Defendant and his stepmother owned in joint tenancy two adjoining lots in The Cascades, Fairfax, Marin County. One lot cost $600, and the other $400; and defendant built a small house costing about $1,000 on one of the lots. In March 1947 defendant agreed in writing with his stepbrother that if defendant survived his stepmother, he would deed the two lots to his stepbrother, reserving to himself a life estate, and the stepbrother would keep the house in repair and do certain other things. About a month later the parties signed a memorandum confirming their previous agreement. The stepmother died soon thereafter.
On April 17, 1950, at the suggestion of a fellow employee defendant went to plaintiff’s office to consult with plaintiff concerning his rights in the property in the face of the two agreements which he had entered into with his stepbrother. At that time defendant outlined the situation to plaintiff and left copies of the two agreements with plaintiff for the purpose, according to plaintiff’s testimony, of plaintiff giving his thought and consideration to them “and also to determine at his [defendant’s] request the basis upon which I [plaintiff] could undertake the matter.” On April 20, 1950, plaintiff sent a letter to defendant in which he informed defendant that he would represent him in the matter for a $500 retainer fee and a reasonable fee for his services. Defendant advised plaintiff that he was unable to arrange for a retainer of $500 but could procure a retainer of $250; and after further negotiations the parties agreed orally to an arrangement for a $250 retainer and a one-third contingent fee, with the $250 retainer to be included in calculating the one-third. Defend
[216]
ant told plaintiff that he would have to procure the $250 and left with the understanding that plaintiff would in the meantime proceed as far as he could; and thereafter plaintiff did some preliminary work, including the procuring of a certified copy of the stepmother’s death certificate.
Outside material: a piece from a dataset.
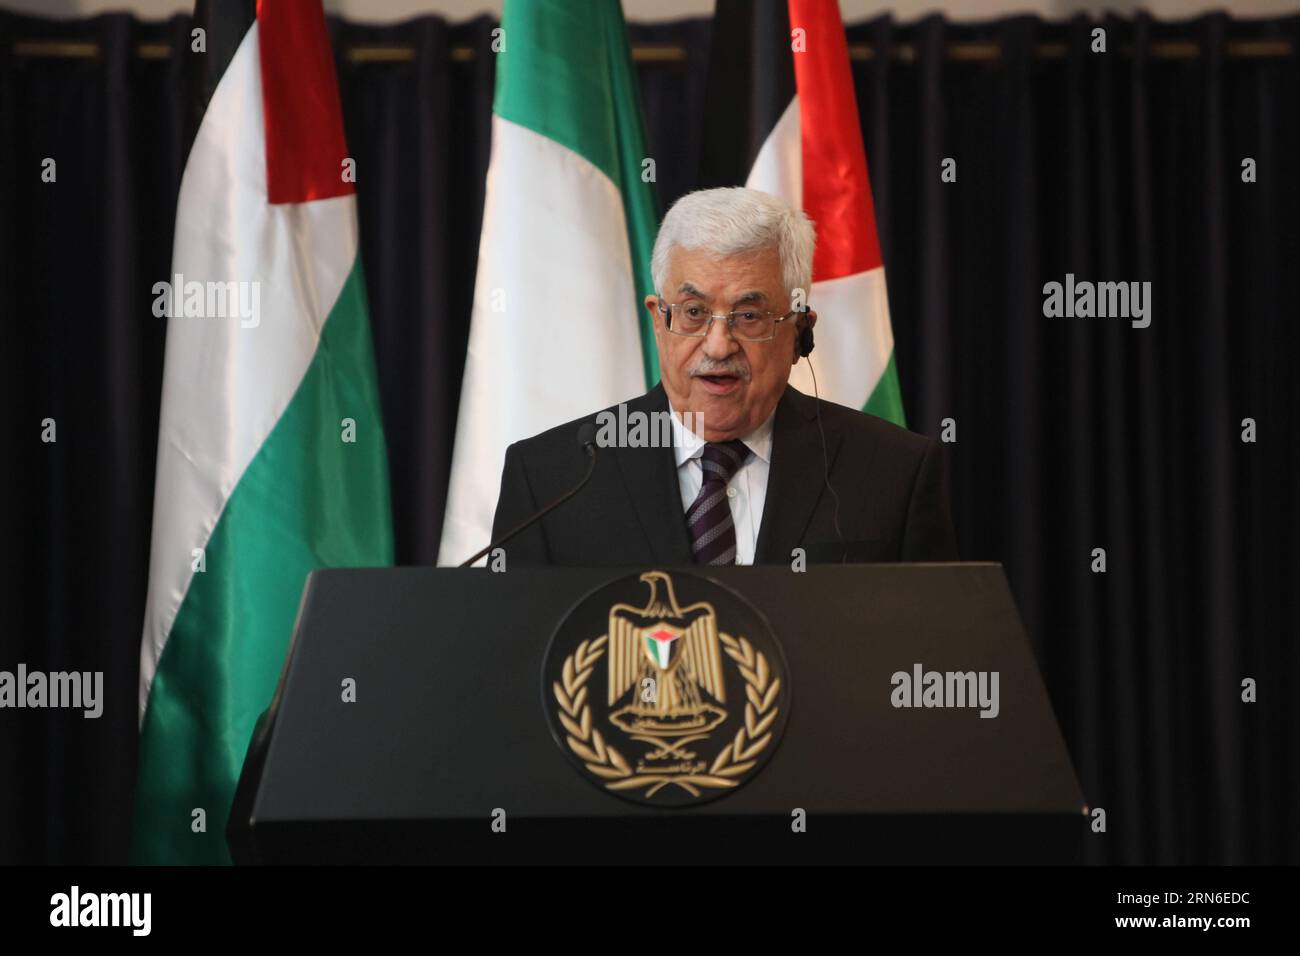 (150722) -- BETHLEHEM, 22. Juli 2015 -- der palästinensische Präsident Mahmoud Abbas spricht am 22. Juli 2015 in der Westjordstadt Bethlehem an einer gemeinsamen Pressekonferenz mit dem italienischen Premierminister Matteo Renzi. ) MIDEAST-BETHLEHEM-PRESSEKONFERENZ LuayxSababa PUBLICATIONxNOTxINxCHN 150722 Bethlehem 22. Juli 2015 PALÄSTINENSISCHER Präsident Mahmoud Abbas spricht AM 22. Juli 2015 in Bethlehem in der WESTJORDANLAND-Stadt eine gemeinsame Pressekonferenz mit dem italienischen Premierminister Matteo Renzi Stockfoto
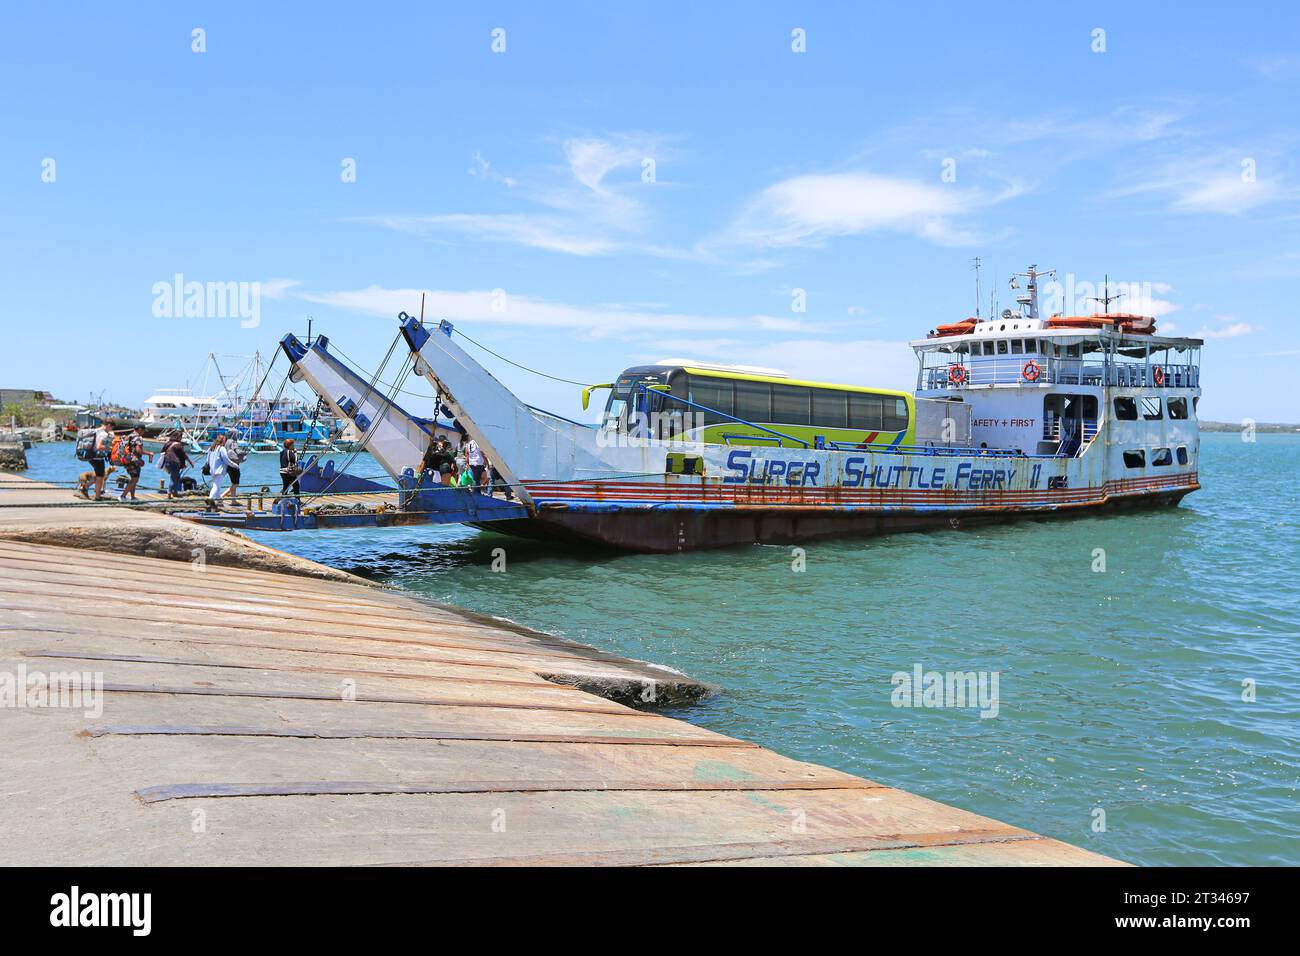 Passagers et RO-RO cargo cargo 'Super Shuttle Ferry 11' dans le port de Hagnaya (île de Cebu) à Santa Fe (Bantayan), région de Visayas, Philippines ferries de fret Banque D'Images

On May 9, 1950, plaintiff sent another letter to defendant enclosing a certified copy of the death certificate and adding: “As soon as you have the retainer, come in with it and I shall execute the agreement I have prepared.” On May 19, 1950, defendant, who had redeemed certain savings bonds, called at plaintiff’s office with a U.S. Treasury check for $274.50 (the proceeds of the bonds) and delivered this check to plaintiff, and plaintiff gave defendant the difference between the $274.50 cheek and $250. On May 23, 1950, defendant called again at plaintiff’s office and the contingent fee agreement which had been prepared by plaintiff was signed.